Gene Polymorphism Analysis and Pharmacogenomics

What is a SNP

Although 99.9% of human genes have the same sequence, as a result of various studies, it has been discovered that there are differences in the genome sequence amongst individuals. The differences are called genetic polymorphisms and there are several types. One drawing particular attention is the type in which only a single nucleotide in the genome sequence differs between an individual and members of a specific population. These are called SNPs (Single Nucleotide Polymorphisms).

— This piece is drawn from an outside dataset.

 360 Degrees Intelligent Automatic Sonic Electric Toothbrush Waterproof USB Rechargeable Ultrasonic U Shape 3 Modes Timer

The Difference Between a SNP and a Mutation:

Usually when a single nucleotide in the genome sequence differs from others, it is called mutation. However there is a slight difference between a SNP and a mutation; the frequency in which they occur. Technically, a polymorphism is a DNA variation in which each possible sequence is present in at least one percent of a population, if it is present in less than one percent of the population, it is considered a mutation. So for example, if one percent or more of the population in Japan had certain DNA variation, it would considered a polymorphism. And if a limited number of population had a certain DNA variation (less than one percent) if would considered a mutation. Still SNPs originate from one’s ancestor’s mutated genes. Mutations which occurred a long time ago and have been passed down through generations until a certain percentage of the population have them, are now considered to be polymorphisms.

Significance of SNP Analysis:

SNP analysis is a method of research to scientifically discover which genes relate to individual differences in constitution, susceptibility, or predisposition to disease by analyzing an individual’s SNPs. Specifically, correlation of clinical data and SNP data of patients with certain a disease and ones who don’t have any health issues are statistically analyzed. This research method is particularly effective in understanding the causes of lifestyle-related diseases. Moreover, after considering lifestyle and other factors, research for genetic predisposition to a disease can be focused on. If genes related to a disease and candidate drugs effective towards those genes are discovered, since a correlation of the genes and the disease are known, it would be easier to choose a drug with high efficacy and fewer side effect. It is possible to have even greater results with SNP analysis if we devise ways to combine groups for comparison. For example, if there could be a study comparing gene polymorphisms of responders and non-responders being treated with a certain drug, the result could greatly contribute to predicting efficacy of the drug before its actual use. This type of research related to drug use is called “pharmacogenomics”. Using genome information to improve treatment is a promising part of modern medical science. In the near future, based on scientific evidence, each patient could be provided with most suitable treatment, the proper drug and dosage, which would hopefully develop into “tailor-made medicine“.